T he beam of my flashlight cuts through the darkness, illuminating patches of the ancient cave walls in ghostly fragments. Aubrey moves ahead of me, her silhouette occasionally merging with the shadows as she follows what appear to be deliberate marks scratched into the stone—three parallel lines, repeated at intervals, like a trail of breadcrumbs leading us deeper into the mountain’s heart.

“She left these,” Aubrey says, her voice hushed with a mixture of awe and dread as she traces the marks with her fingertips. “Lainey was still lucid enough to leave a path.”

I say nothing, watching her shoulders stiffen with determination even as her voice cracks with grief.

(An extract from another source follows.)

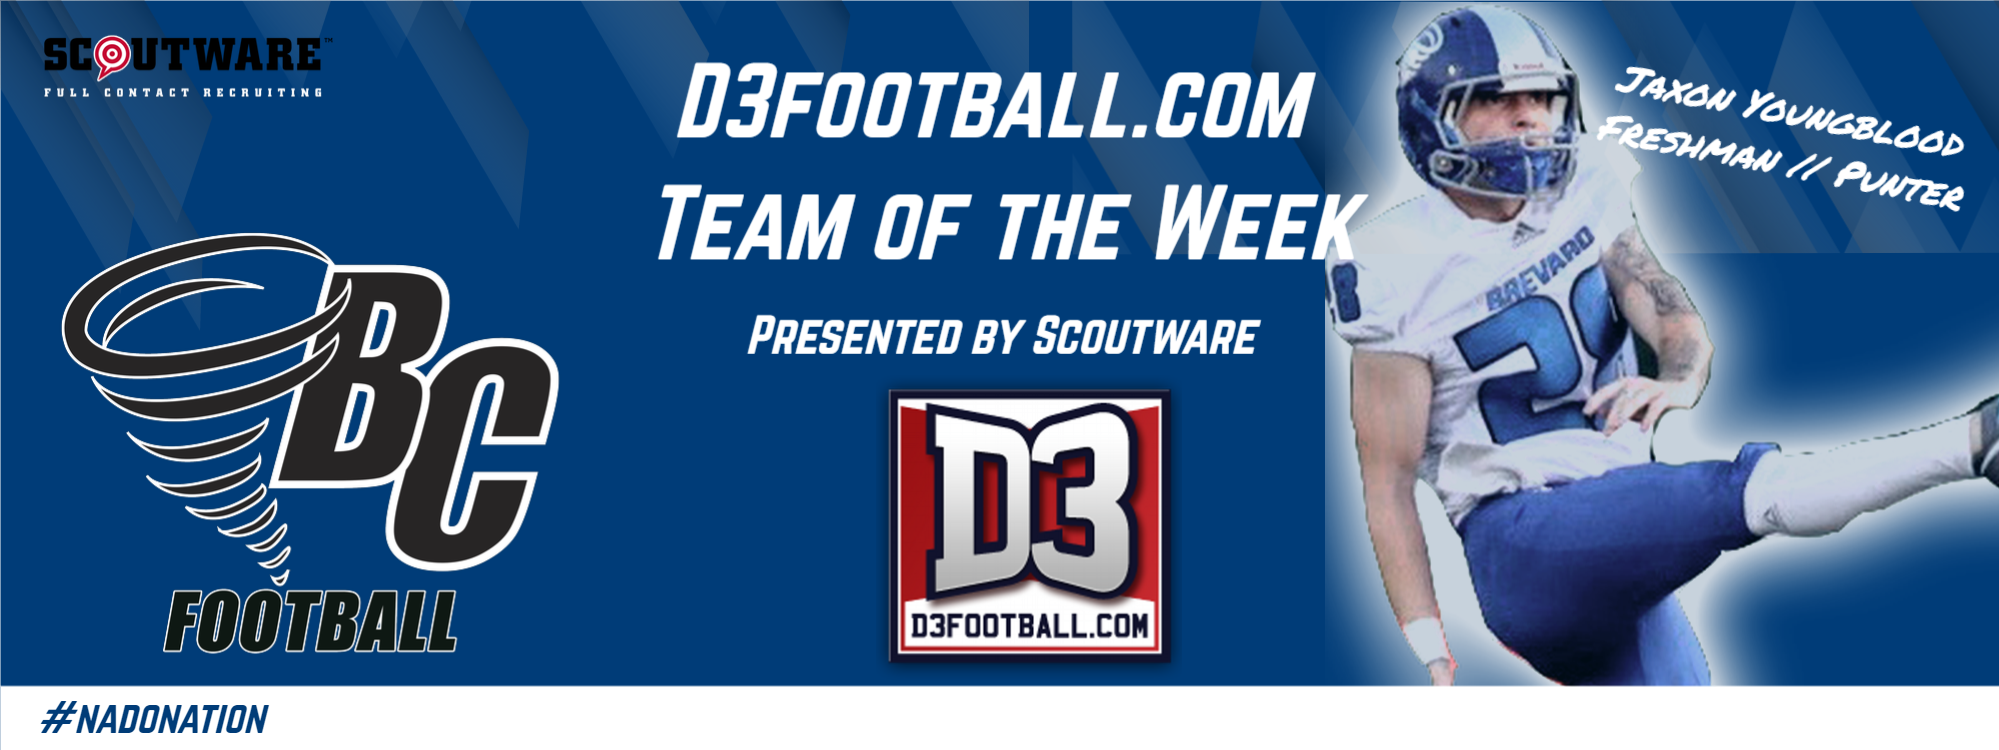 Brevard’s Jaxon Youngblood Selected to D3football.com Team of the Week

The revelation in the journal has shaken her to her core—the confirmation that her sister transformed, that she became one of the hungry ones, that somewhere in these caves, something that was once Lainey still exists. I can only imagine the conflicting emotions warring within her: the horror of the truth battling against the strange comfort of finally knowing and the yearning to be with her loved one.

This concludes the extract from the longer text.